Many literacies, many tools, not one.

Carole Maso writes:

Wish: that the straight white male give in just a little more gracefully. Call in its Michael Douglases, its suspect Hollywood, its hurt feelings, its fear—move over some.

After your thousands of years of affirmative action, give someone else a chance—just a chance.

The wish is for gentleness. The wish is for allowances. (66)

Screw the allowances. Keep your pens and your essays. Move the hell over.

Coda: An Apology and An Explanation

My apology goes in advance to Professor G. Douglas Atkins. I suspect I'd like Professor Atkins. I am convinced he is a superb teacher, scholar, and writer—a good colleague. I don't usually write in this way, especially to a colleague I don't know. The experience has taken me by surprise. My mother would not approve, but I have to admit to finding this response great fun to write. These things were liberating to say.

And that's the point, I suppose. I am not writing to Professor Atkins personally. I am talking back to his proposal. I am also talking back to the people who make proposals such as this one, proposals that don't recognize the value of other ways, other approaches, other voices.

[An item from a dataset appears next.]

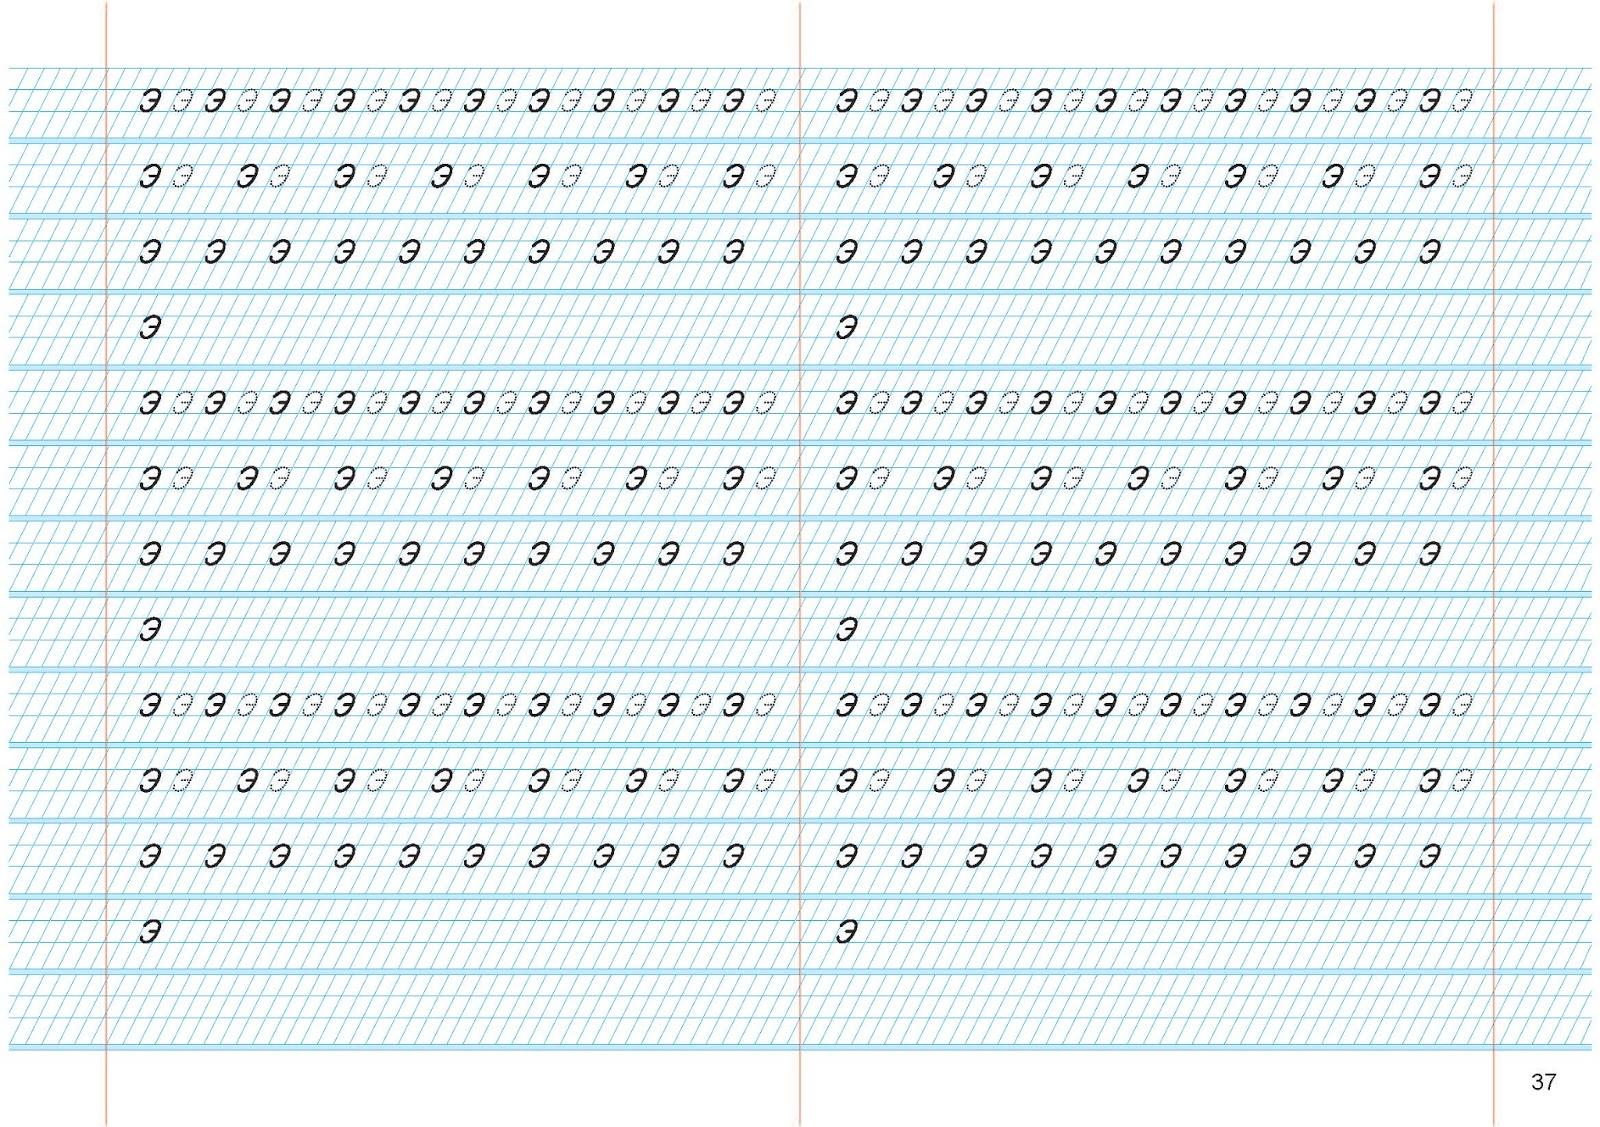 Alfabeto Ruso En Letras Cursivas Modelo De Escritura De A A Ya

So, I don't really think Professor Atkins is a nib-licking, essay pimp, but I know that such people exist and that in the past they have made me—and some of my composition colleagues—feel bad about our own work.

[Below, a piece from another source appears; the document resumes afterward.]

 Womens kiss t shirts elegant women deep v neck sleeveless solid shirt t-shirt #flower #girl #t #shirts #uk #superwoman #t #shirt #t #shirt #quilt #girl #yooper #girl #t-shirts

I hear in this proposal the collective strains of established scholars—usually, but not always, men; usually, but not always, literary scholars—who imply that the work composition teachers do, with or without computer technology, is work to be dismissed, work that is done better, done smarter, by literary scholars or nonfiction writers or just about anyone else. I am talking back to them.

Michigan Technological University
Houghton, Michigan

Notes

  • 1. This essay is a response to Atkins' essay in JAC. The style of my response, and its primary message, is based on Maso's essay "Rupture," which appears in a collection featuring essays by literary writers about the technological innovations of our day. My thanks to her for showing the way and lending me the power of her voice. And my thanks to Danielle DeVoss for clueing me into a great writer.

Works Cited

  • Atkins, G. Douglas. "On Writing Well: Or, Springing the Genie from the Inkpot." JAC 20 (2000): 73-85.
  • Freisinger, Randall. "The Catch." Hand Shadows. Maryland, MO: Green Tower P, 1988. 34.
  • Maso, Carole. "Rupture, Verge, and Precipice: Precipice, Verge, and Hurt Not." Tolstoy's Dictaphone: Technology and the Muse. Ed. Sven Birkerts. St. Paul: Graywolf, 1996. 50-72.